Сторож, косясь на листок, сказал, что отлучился по малой нужде, а когда вернулся, конверт лежал на крыльце. Старик виновато смотрел на Алексея, понимая, что принес ему недобрые вести. Наблюдая, как тот ходит по классу, проверяя, все ли в порядке, протирает доску и наполняет чернилами непроливайки на партах, он неодобрительно качал головой: в прежние времена учителя, важные и недоступные, не унижались до уборки – любая деревенская девка за гроши все перемоет. Возвращаясь домой, Алексей думал о письме. Запугивают. Прикончить его бандитам ничего не стоит, но они почему-то не слишком спешат. Значит, что-то задумали. Возле сельсовета стояли приехавшие из райцентра милиционеры. Они окликнули Алексея.
– То наш учитель, хлопцы, – выглянул из окна председатель. – Свой.
– Сейчас бывает, что свои наших колотят. В темноте не угадаешь, – оправдывались милиционеры. – Как вам хуторские девчата, товарищ учитель? – поддели они Алексея, угощавшего их папиросами.
– Куда там! Дикие какие-то! – отшутился тот.

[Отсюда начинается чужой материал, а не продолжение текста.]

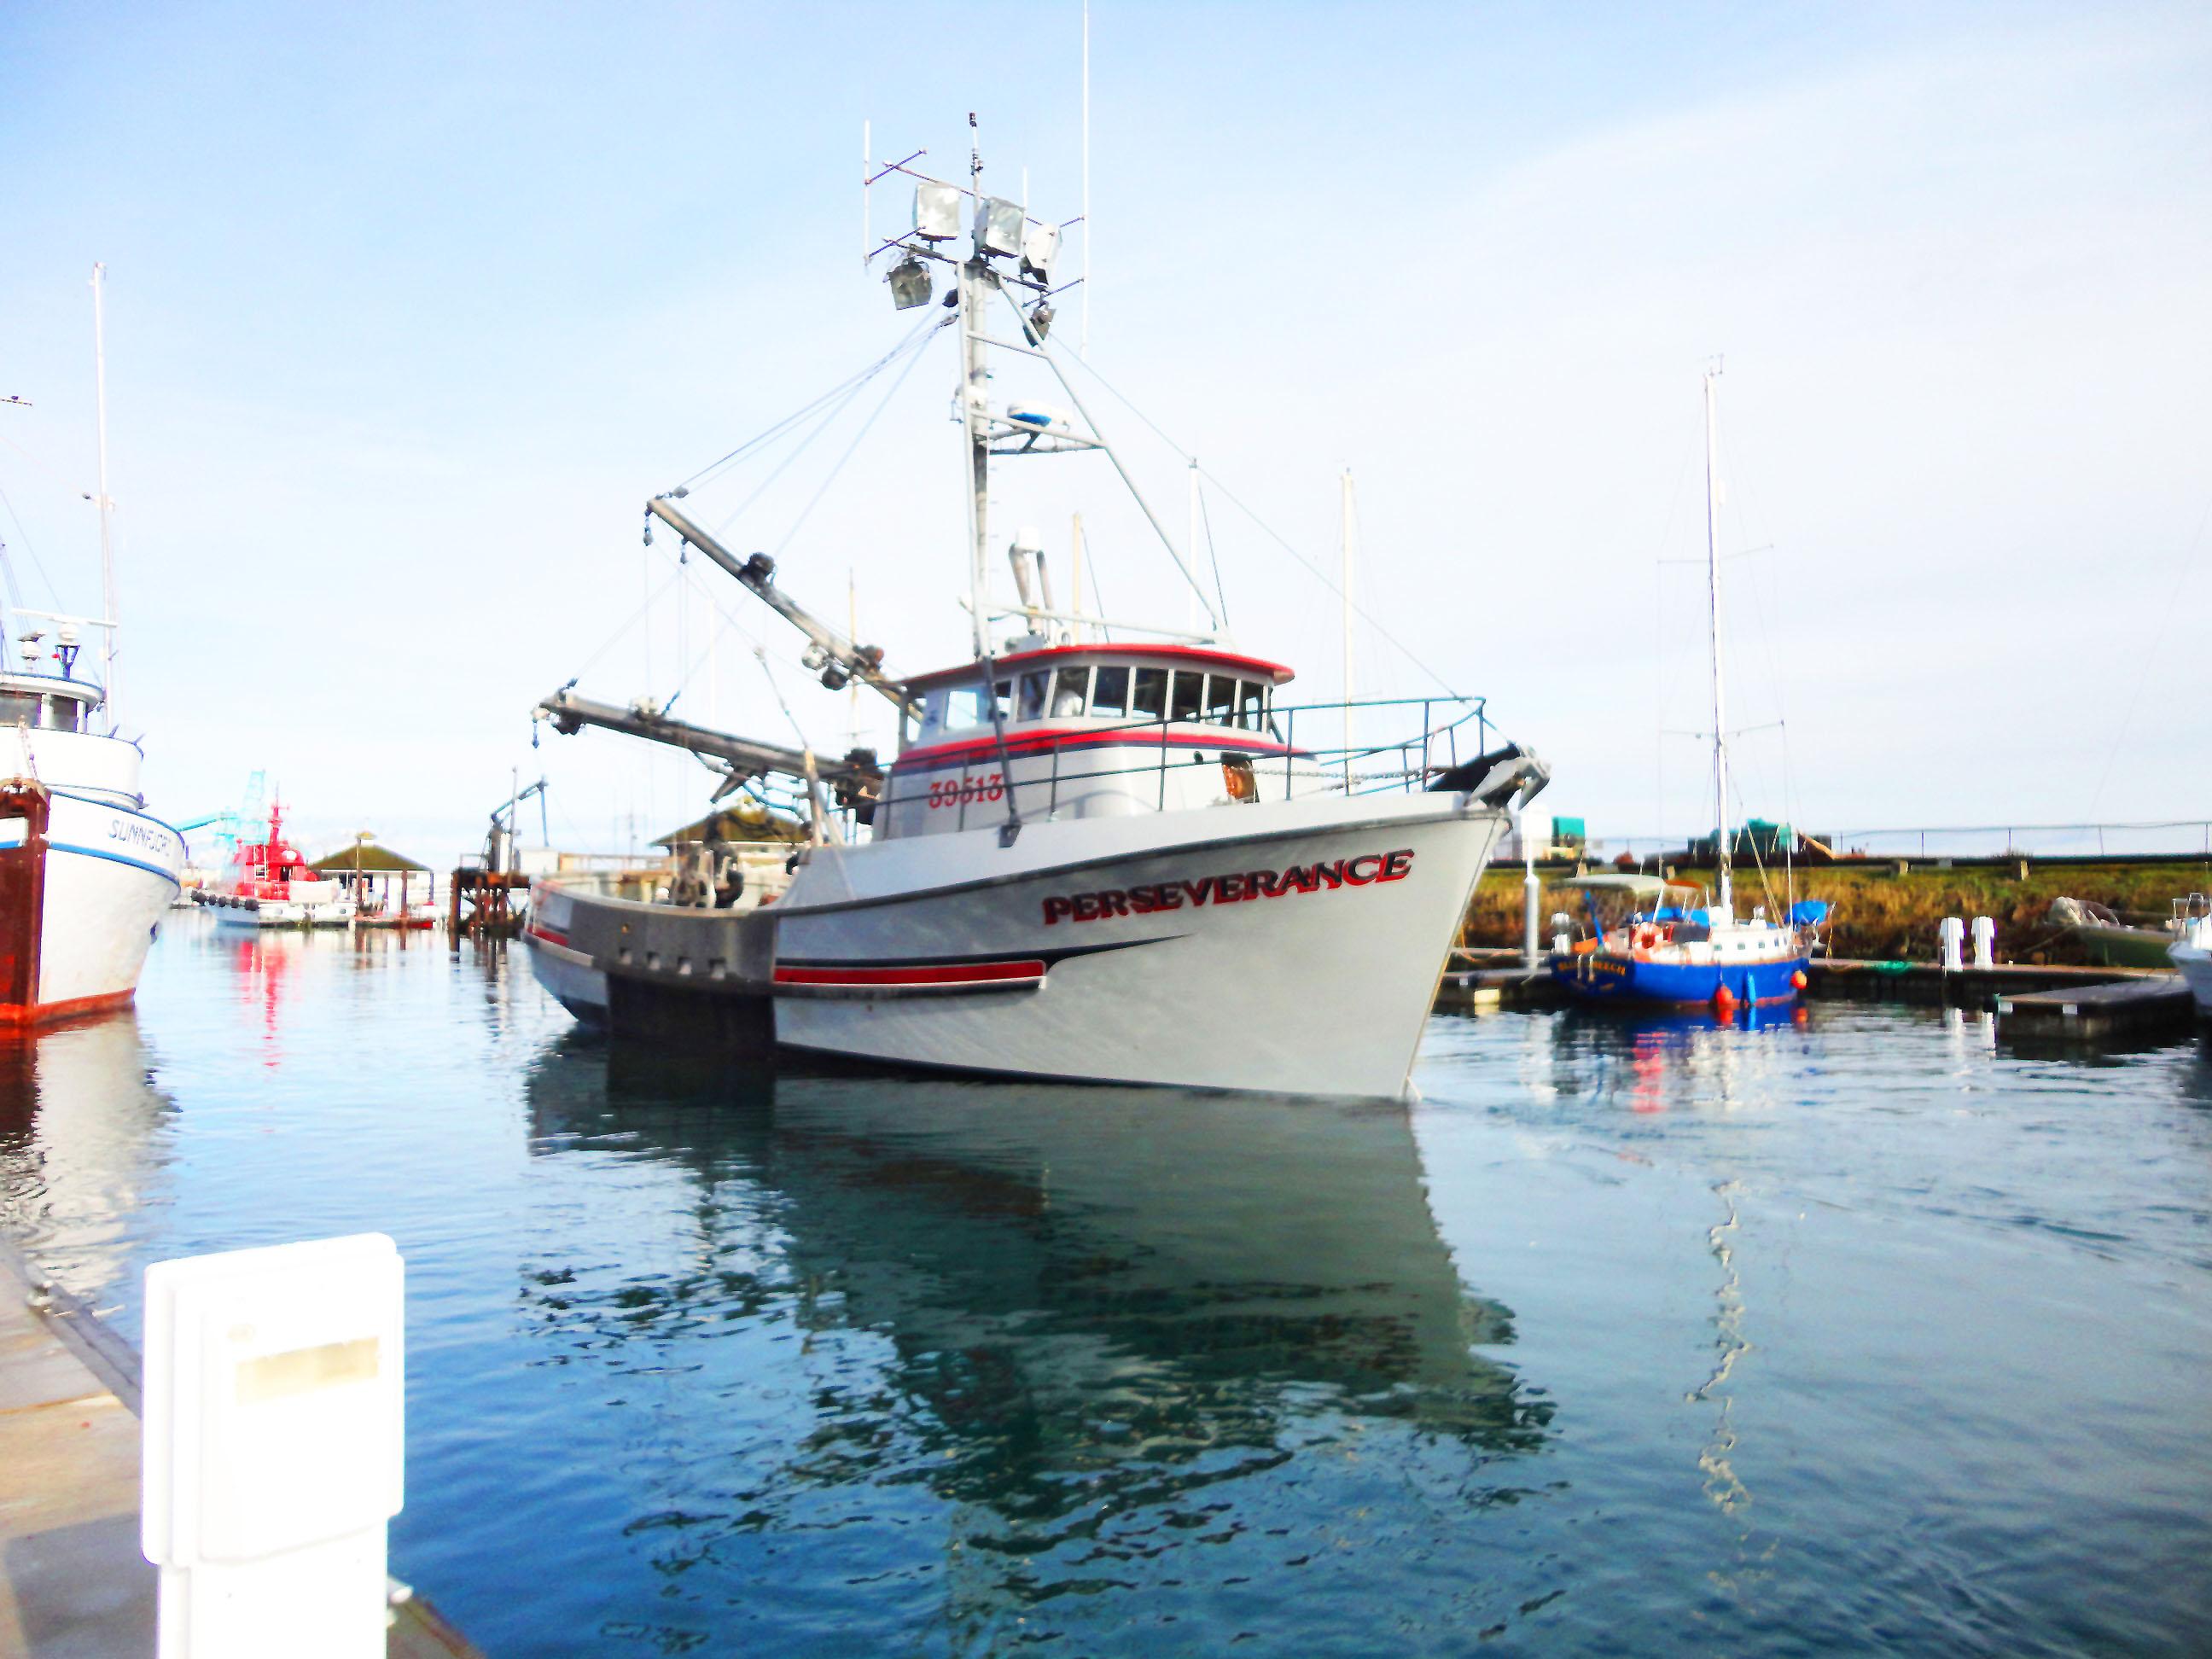 F/V Perseverance   Boating - Ships - Nautical   Pinterest   Port ...

Милиционеры понимающе подмигнули, а председатель ехидно поинтересовался, дикая ли и та, что возле речки живет, или он ее уже малость подучил? «Вот пройдоха! Откуда только узнал?» – подосадовал Алексей.
– Разгадали хуторцы вашу тайну, товарищ? Это ж скитники, колдуны-ведуны. Под землей на три метра видят.
– Не все они видят-знают. Спрашивал их про трезубец, ну на вилы похож, молчат.
– Трезуб? А где… где вы его видели? – всполошился милицейский старшина.
Алексей протянул ему письмо. Увидев бандеровский знак, старшина нахмурился и посоветовал Алексею уехать из хутора поскорее. Тут шутки плохи. Они сами отбывают на рассвете и могут прихватить учителя с собой. Милиционеру поддакивал председатель, настоятельно советуя Алексею не медлить с отъездом. Ну как им объяснить, что он и сам втайне так думает, но не имеет права все бросить, не дождавшись замены. Не выполнив ответственного задания? Какой же он тогда комсомолец? А еще разведчик… «Рад бы составить вам компанию, да дела не пускают, – нахмурился Алексей, прощаясь с милиционерами. Те долго смотрели ему вслед.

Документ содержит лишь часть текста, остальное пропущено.